Второй часовой – мой. Семь лет, пока учился на вечернем, выпускал его заводскую газету, и тридцать лет спустя прошел бы по всем этажам и коридорам с закрытыми глазами.

Вообще-то сносят уже не дважды орденоносный Второй МЧЗ с 85-летней историей, а новодельное ОАО “Слава” (с уставным капиталом - смешно сказать - 48 799 рублей), находящееся в корпоративной собственности у шести фирм с окончаниями “лоджик-транзит-индастри-менеджмент-сейл-инвест”. Под их коллективным руководством флагман советской часовой индустрии превратился в шарагу, которая “осуществляет деятельность пансионатов, домов отдыха и прочих мест для проживания, столовых при предприятиях и учреждениях, оптовую торговлю станками, отходами и ломом, а так же текстильными и галантерейными изделиями”, и лишь в десятую очередь - “производство часов и других приборов времени”...

1.

Сентябрь 2011

Где находится нынче российская часовая промышленность, говорить не стоит.
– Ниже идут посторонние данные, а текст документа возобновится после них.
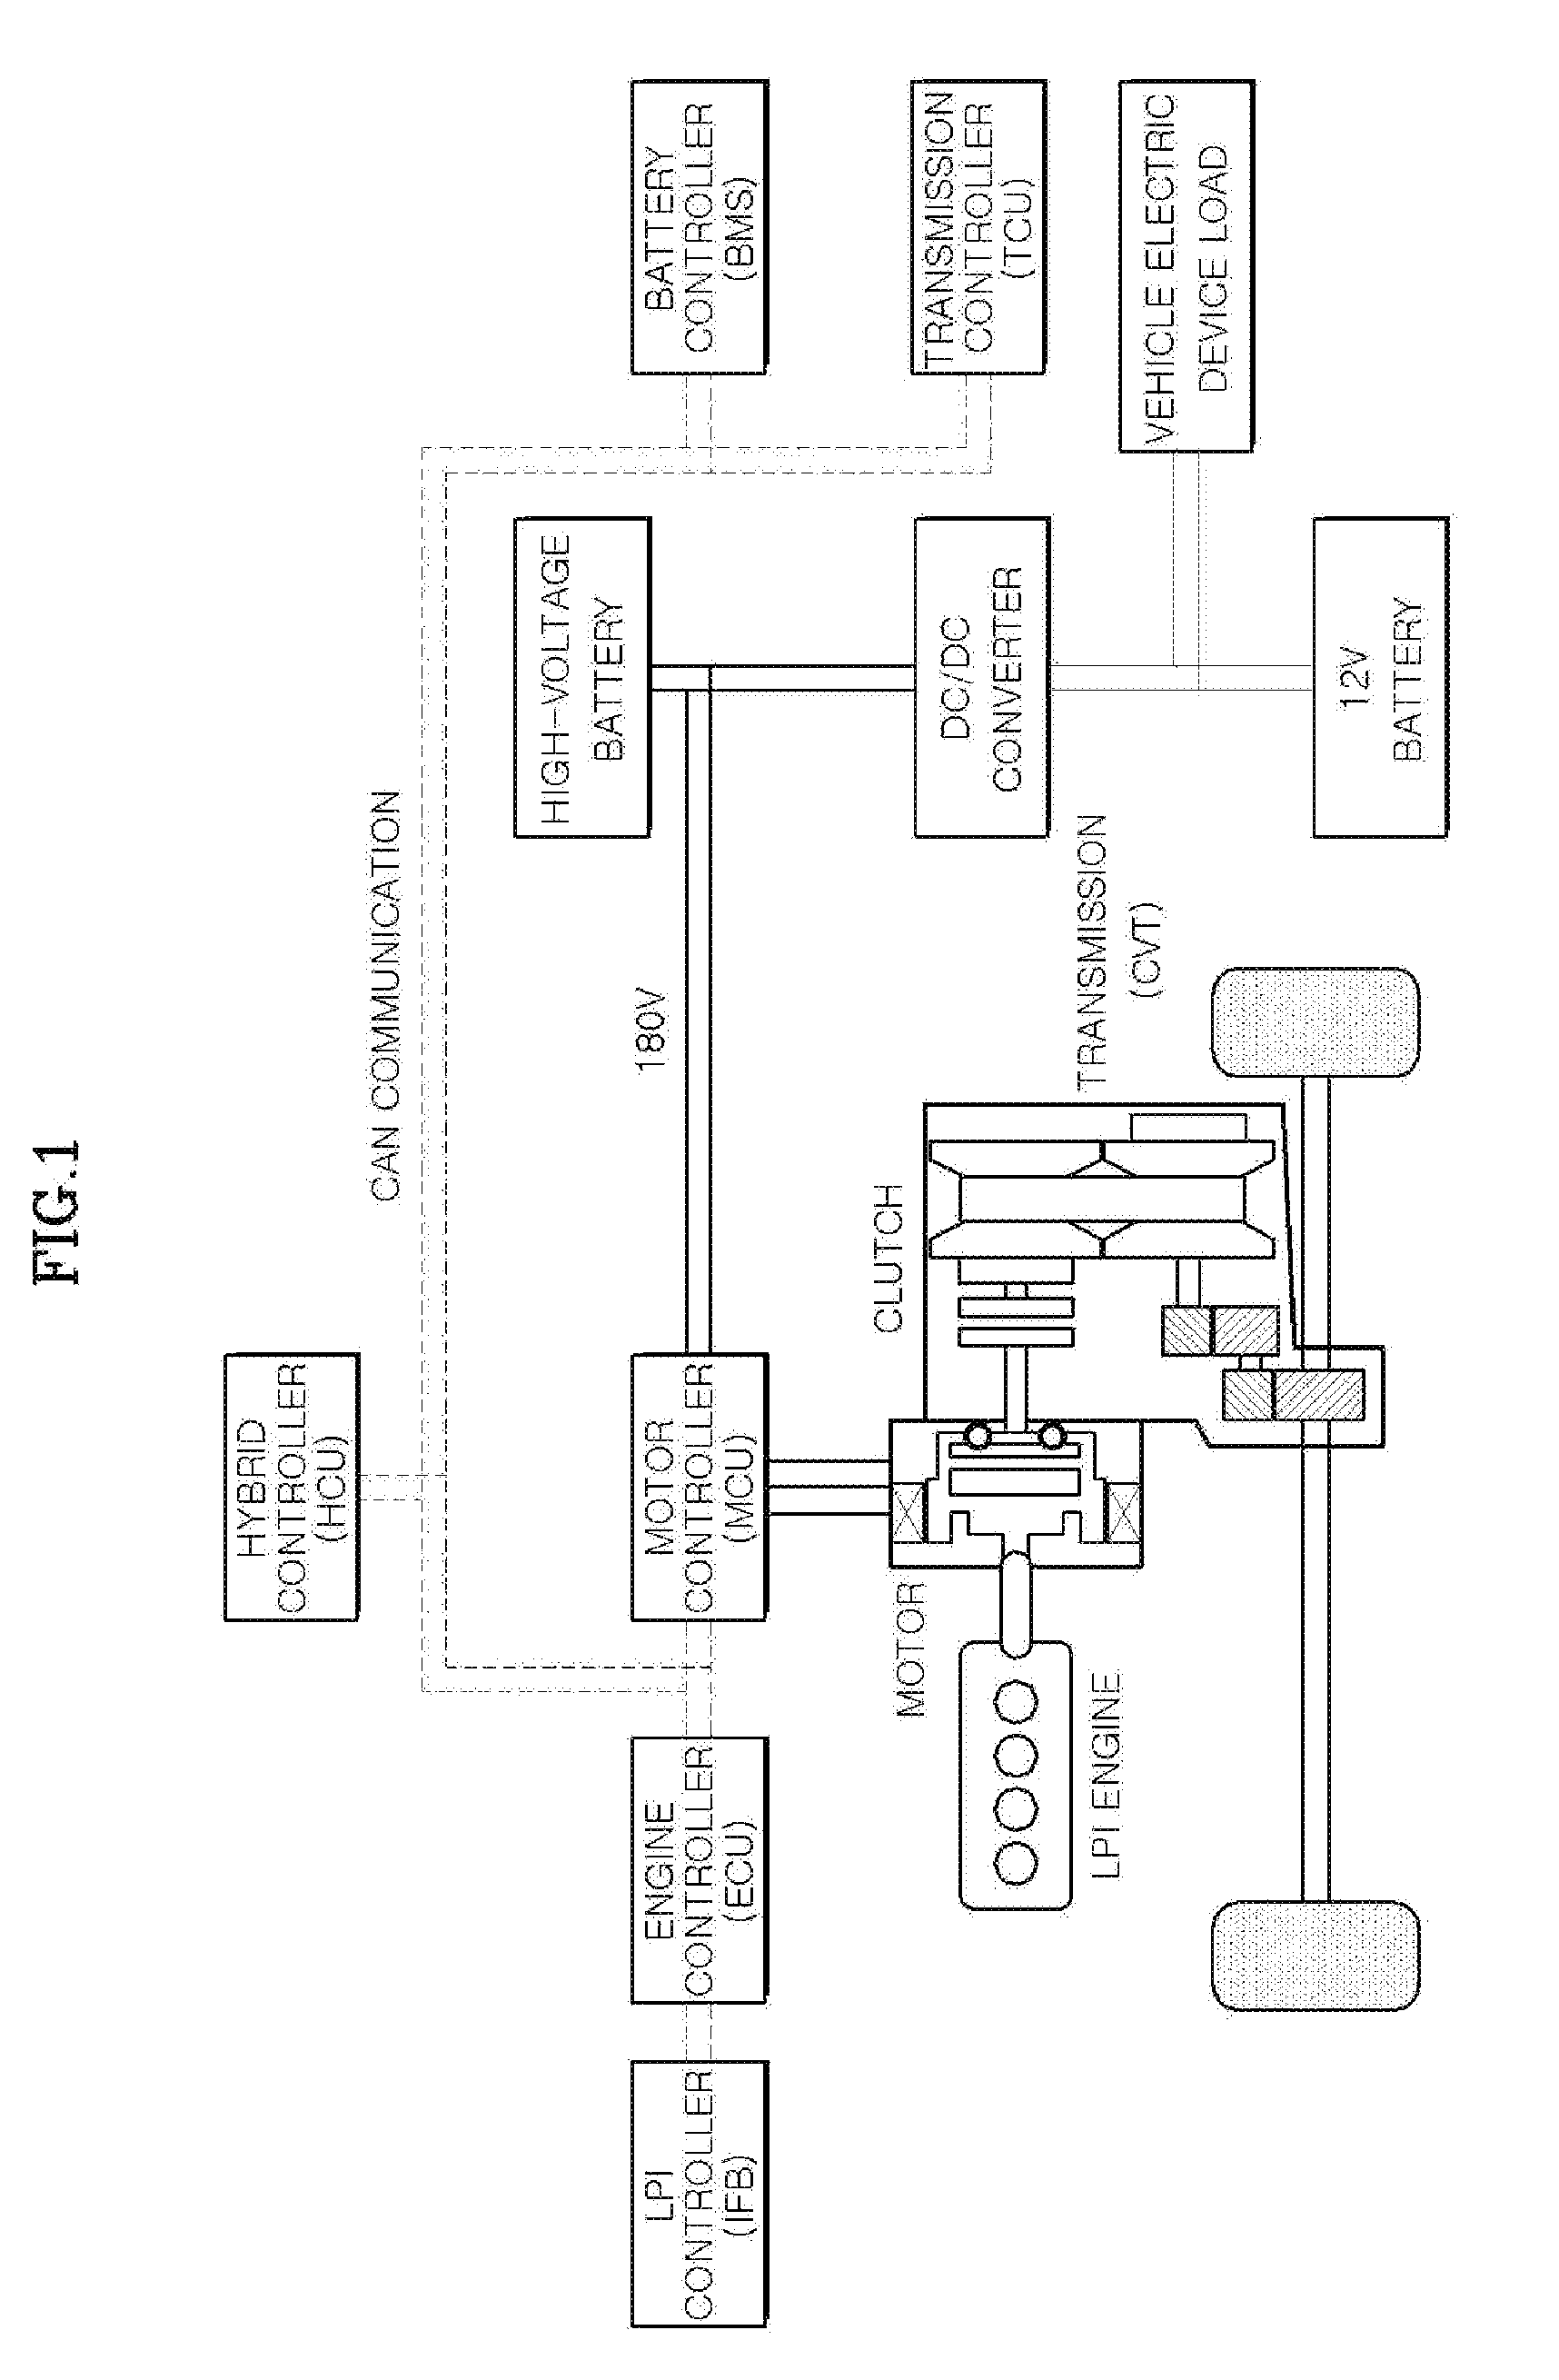 Variable voltage control system and method for hybrid vehicle

А было время, когда стране хотелось иметь свои, советские часы. 20 декабря 1927 года Совет Труда и Обороны принял постановление "Об организации в СССР производства часов" и поручил ВСНХ выполнить проектировку фабрики для выпуска часов с производительностью до 500 тыс. карманных и 500 тыс. крупных, т.е. будильников, и одновременно со строительством организовать ознакомление с часовым делом в Швейцарии и США. В Западную Европу выехала группа специалистов, побывала в Германии, Австрии, Чехословакии, Франции и Швейцарии. Однако съездили зря - жлобы-капиталисты от сотрудничества уклонились, а швейцарцы даже запретили приезжать к ним впредь - не хотели терять бездонный советский рынок, договорились только увеличить поставку собственных часов.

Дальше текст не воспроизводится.